If multi-active instance HA of Spark JDBCServer is enabled, all JDBCServer instances are independent and equivalent. When one JDBCServer instance is interrupted during upgrade, other JDBCServer instances can accept the connection request from the client.
In multi-active instance mode, the client reads content from the ZooKeeper node and connects to JDBCServer. The connection strings are list below.
jdbc:hive2://<zkNode1_IP>:<zkNode1_Port>,<zkNode2_IP>:<zkNode2_Port>,<zkNode3_IP>:<zkNode3_Port>/;serviceDiscoveryMode=zooKeeper;zooKeeperNamespace=sparkthriftserver2x;saslQop=auth-conf;auth=KERBEROS;principal=spark/hadoop.<System domain name>@<System domain name>;
Example: 192.168.81.37:2181,192.168.195.232:2181,192.168.169.84:2181.
For example, when you use Beeline client to connect JDBCServer, run the following command:
sh CLIENT_HOME/spark/bin/beeline -u "jdbc:hive2://<zkNode1_IP>:<zkNode1_Port>,<zkNode2_IP>:<zkNode2_Port>,<zkNode3_IP>:<zkNode3_Port>/;serviceDiscoveryMode=zooKeeper;zooKeeperNamespace=sparkthriftserver2x;saslQop=auth-conf;auth=KERBEROS;principal=spark/hadoop.<System domain name>@<System domain name>;"
jdbc:hive2://<zkNode1_IP>:<zkNode1_Port>,<zkNode2_IP>:<zkNode2_Port>,<zkNode3_IP>:<zkNode3_Port>/;serviceDiscoveryMode=zooKeeper;zooKeeperNamespace=sparkthriftserver2x;saslQop=auth-conf;auth=KERBEROS;principal=spark/hadoop.<System domain name>@<System domain name>;user.principal=<principal_name>;user.keytab=<path_to_keytab>
In the above URL, <principal_name> indicates the principal of the Kerberos user, for example, test@<System domain name>; <path_to_keytab> indicates the Keytab file path corresponding to <principal_name>, for example, /opt/auth/test/user.keytab.

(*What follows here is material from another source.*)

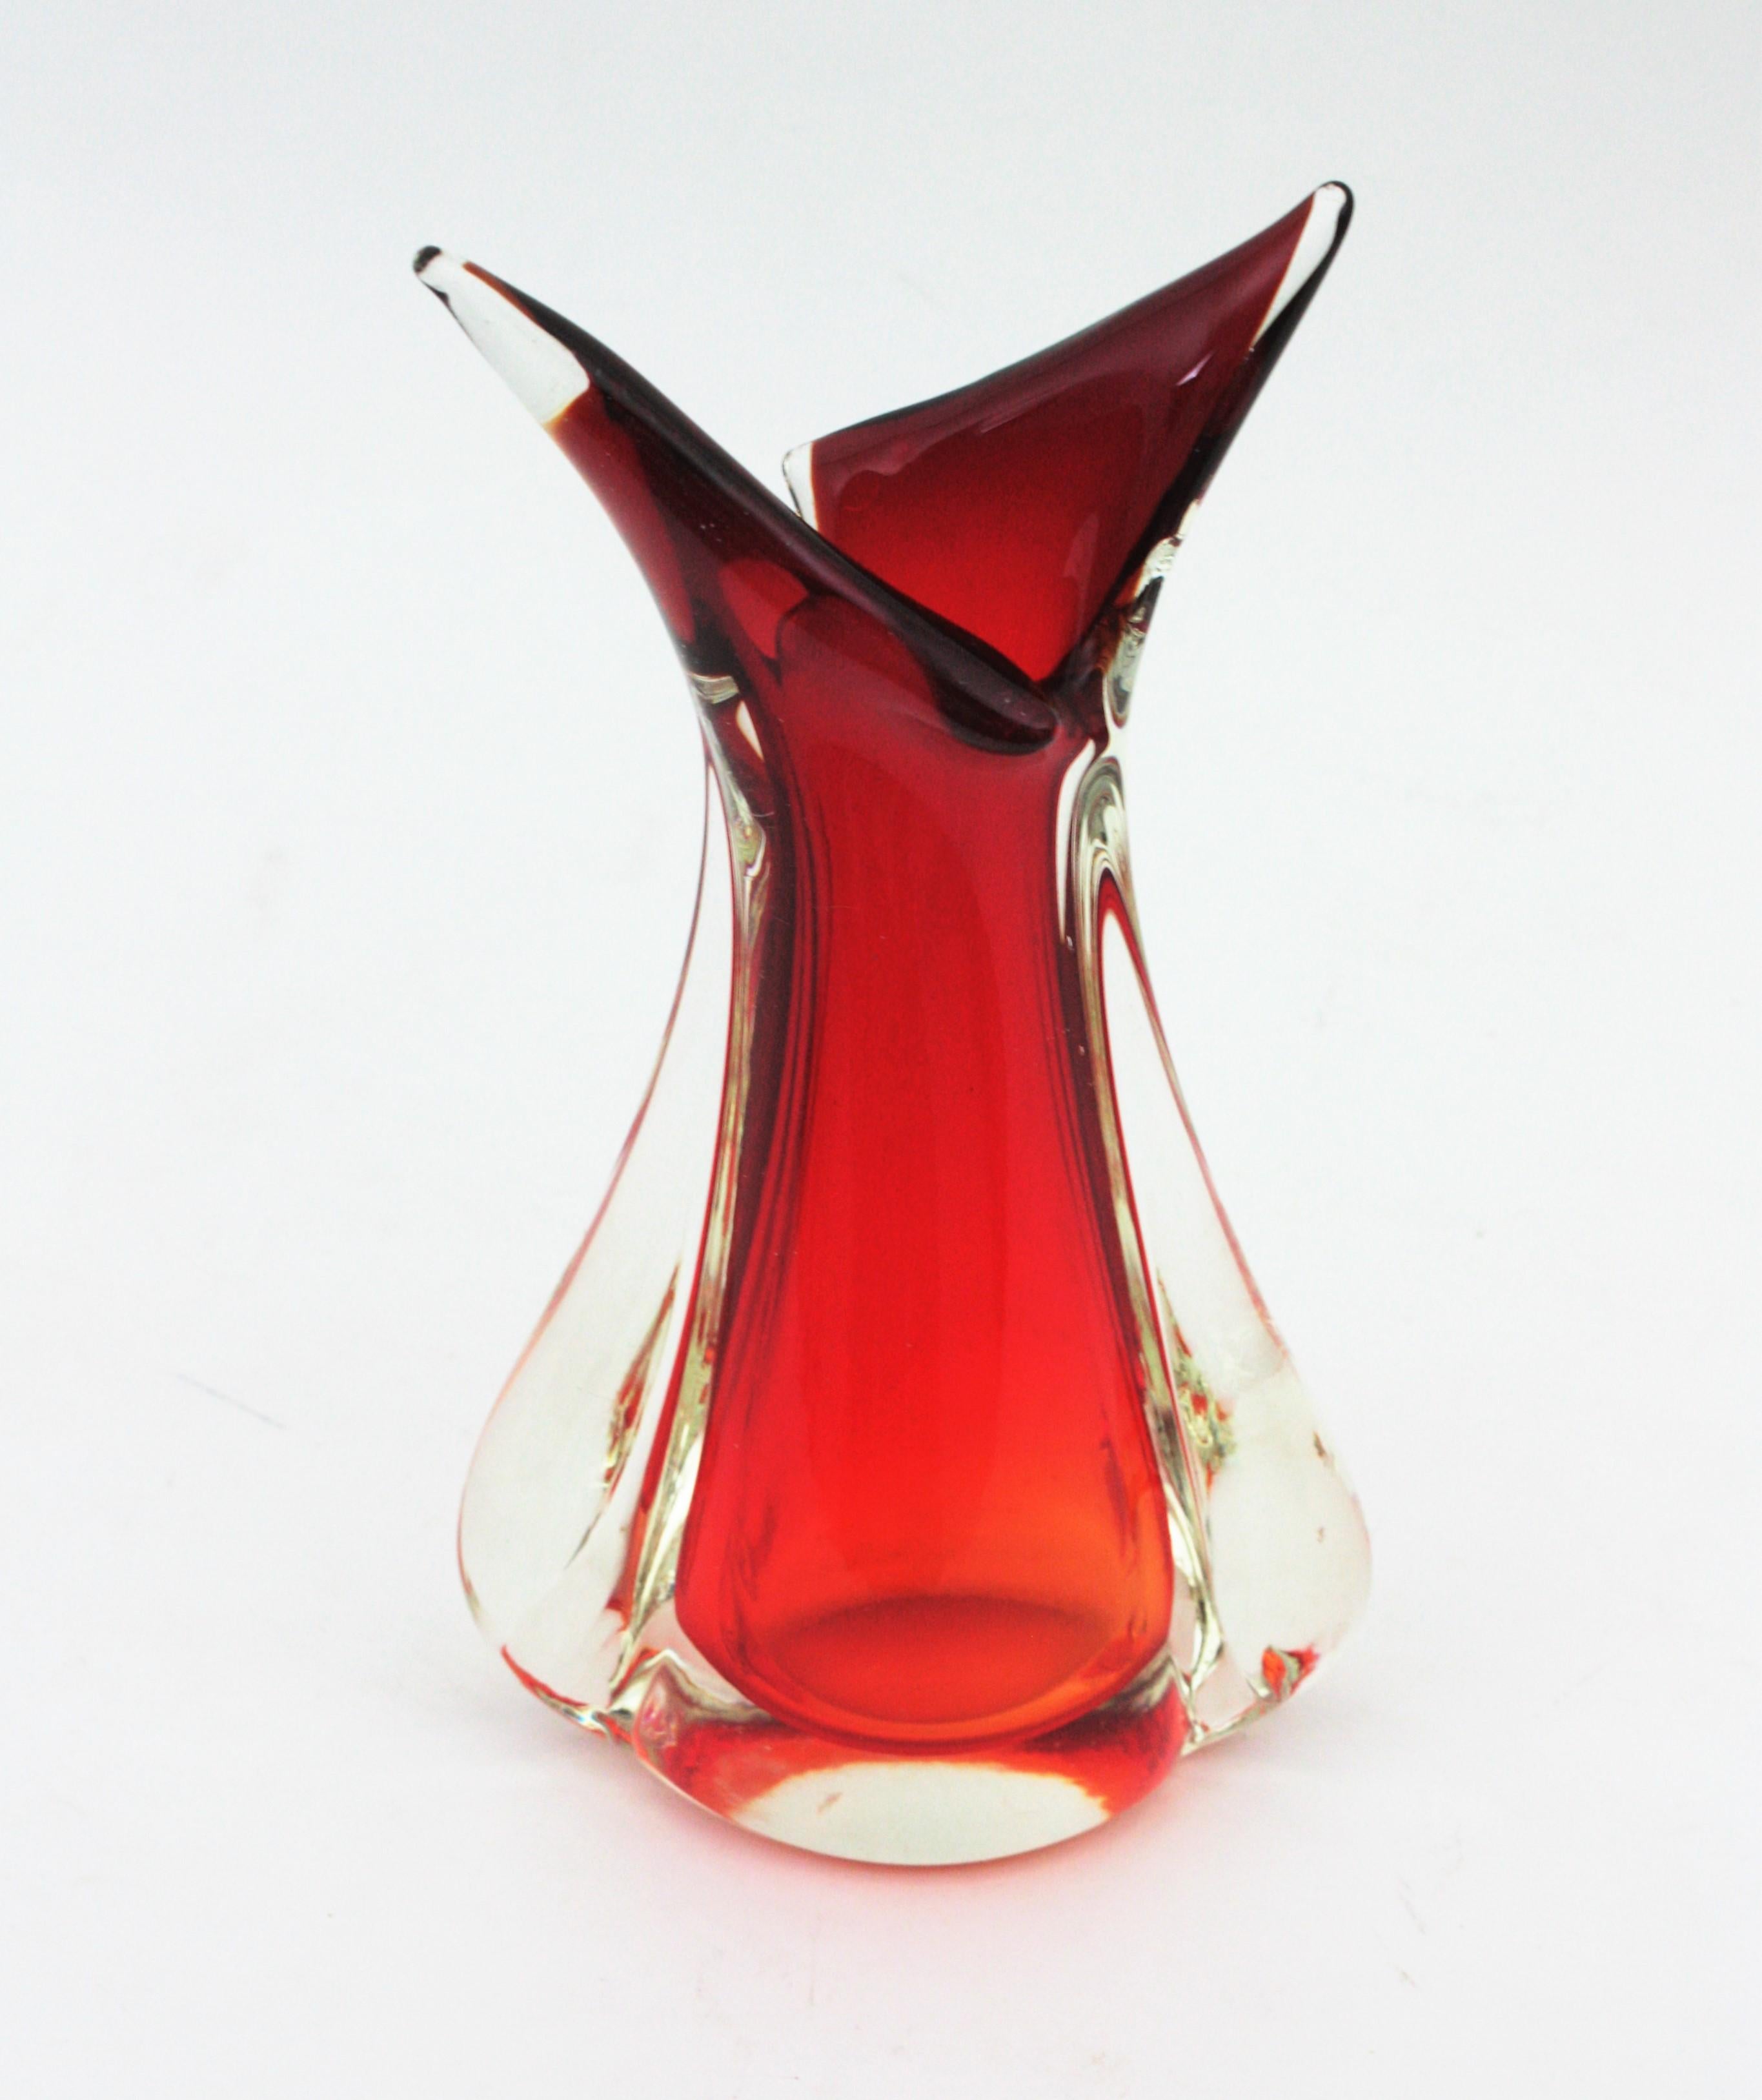 Hand-Crafted Flavio Poli Seguso Red Orange Sommerso Murano Art Glass Vase For Sale
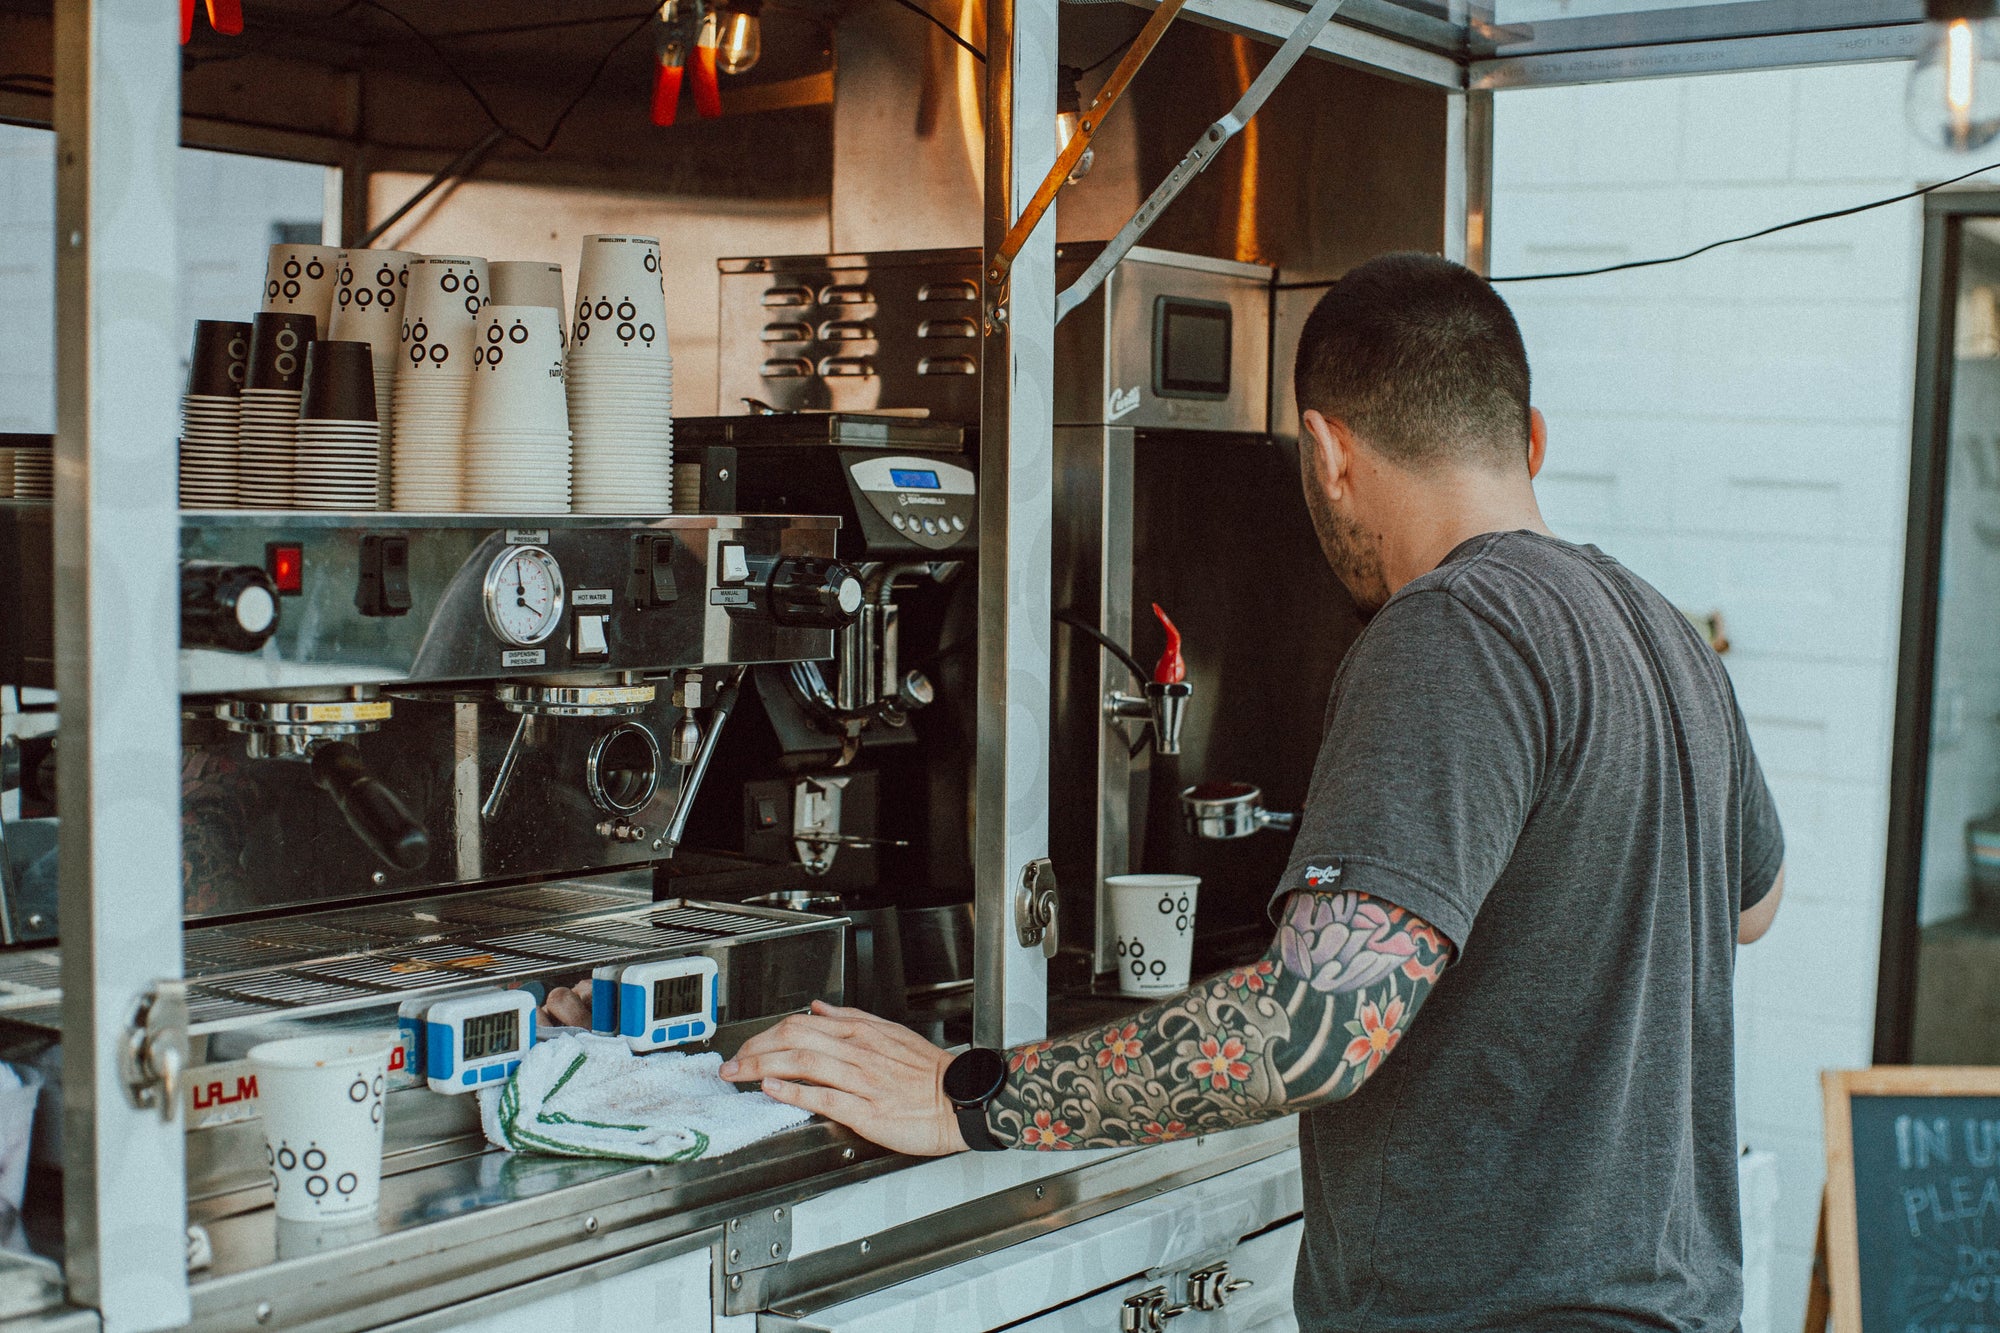 barista standing in front of espresso machine and grinder

jdbc:hive2://<zkNode1_IP>:<zkNode1_Port>,<zkNode2_IP>:<zkNode2_Port>,<zkNode3_IP>:<zkNode3_Port>/;serviceDiscoveryMode=zooKeeper;zooKeeperNamespace=sparkthriftserver2x;
For example, when you use Beeline client, in normal mode, for connection, run the following command:
sh CLIENT_HOME/spark/bin/beeline -u "jdbc:hive2://<zkNode1_IP>:<zkNode1_Port>,<zkNode2_IP>:<zkNode2_Port>,<zkNode3_IP>:<zkNode3_Port>/;serviceDiscoveryMode=zooKeeper;zooKeeperNamespace=sparkthriftserver2x;"
In this mode, a client connects to a specified JDBCServer node. Compared with multi-active instance mode, the connection string in this mode does not contain serviceDiscoveryMode and zooKeeperNamespace parameters about ZooKeeper.
For example, when you use Beeline client, in security mode, to connect JDBCServer in non-multi-active instance mode, run the following command:
sh CLIENT_HOME/spark/bin/beeline -u "jdbc:hive2://<server_IP>:<server_Port>/;user.principal=spark/hadoop.<System domain name>@<System domain name>;saslQop=auth-conf;auth=KERBEROS;principal=spark/hadoop.<System domain name>@<System domain name>;"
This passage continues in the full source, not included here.